For some reason, it seems like I am talking about Release It a lot lately, to a lot of people. As I said when I reviewed it, that book literally changed the way that I approach problems. It also made me much more aware of the failure scenarios that I need to deal with.
A while ago I sat down in one of Jeremy Miller's talks and he mentioned that he had added the ability to do Environment Validation to StructureMap, so when the application is starting up, it can verify that all its dependencies are in a valid state. That made so much sense to me that I immediately added this facility to Windsor.
What I am going to talk about today is to take this approach one step further. Instead of running those tests just at application startup, they should be run every day, or every hour.

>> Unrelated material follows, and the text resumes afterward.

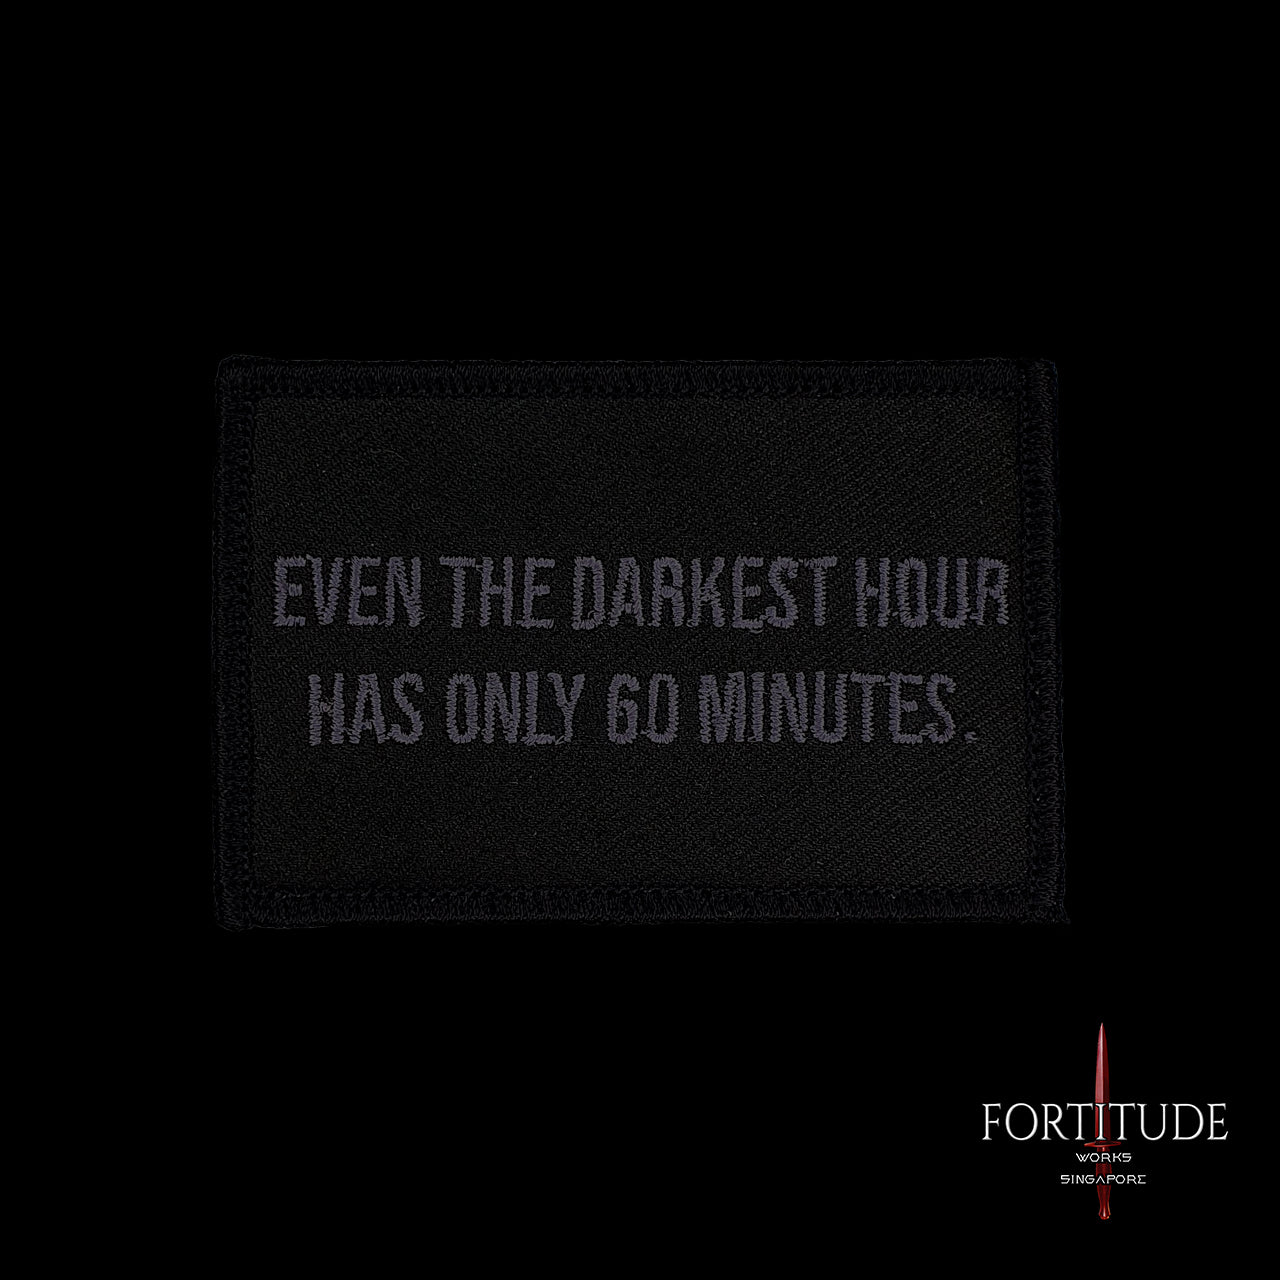 EVEN THE DARKEST HOUR HAS ONLY 60 MINUTES. - FORTITUDE WORKS SINGAPORE

Yes, the operation team is suppose to have monitoring on the application, but unless they were part of the development process (or are a dedicated ops team), that still leaves you as the principal owner of knowledge in about the environment your application need. Even if you have a capable operation team, and they have very good understanding on your application, it is often best to support them by providing this functionality. It is very likely that you can get more information from your application that the operation team.
And if you don't have an operation team, you really want to be able to do that.
Now that we have taken care of the motivation for this approach, let us see what exactly we are talking about.
Environment validation means that you validate the your entire environment is in a state that allows your application to run in full capacity. I am going to list a few things that I think are essential for many applications, I am sure that I am going to miss some, however, feel free to add more items to the list.
- Certificate's valid and expire in more than a month.
- Domain registration expires in than one month.
- For each server in the application (web, database, cache, application):
- Server is alive and responding (within specified time).
- Server's HD has more than 10% free space.
- Server CPU usage is less than 80%
- Associated 3rd party servers are responding within their SLA.
- Sample execution of common scenarios finish successfully in a specified time frame.
- Number of faults (non critical ones) in the application is below the threshold.
- No critical fault (critical defined as taking the entire system down).
- Current traffic / work on the system is within expected range (too low, and we may have external network issue, too high, and we need to up our capacity).
- Application audit trail is updated. (Can do the same for log, if required).
- System backup was performed and completed successfully.
- All batch jobs have been run and completed successfully.
- Verify the previously generated faults has been dealt with.
Those are the generalities, I am pretty sure that you can think of a lot more that fit your own systems.
The important thing to remember here is that you should treat this piece as a core part of the application infrastructure. In many production environment, you simply cannot get access. This is part of the application, and should be deployed with the application. At any rate, it should be made clear that this is part of the deployment program, not just useless appendix.
My preference would be to have a windows service to monitor my systems and alert when there are failures.
This is another important consideration, how do you send alerts? And when? You should have at least three levels of warnings: Warning, Error and Fatal. You send them according to the severity of the problem.
In all cases, I would log them to the event log at a minimum, probably send mail as well. For Error and Fatal levels, I would use SMS / generate alert to operation monitoring systems. If there are monitoring system in place that the operations team is using, it is best to route things through them. They probably have the ability to wake someone up in 3 AM already. If you don't have that, than an SMS is at least near instantaneous, and you can more or less rely on that to be read.
That is long enough, and I have to do some work today, so I'll just stop here, I think.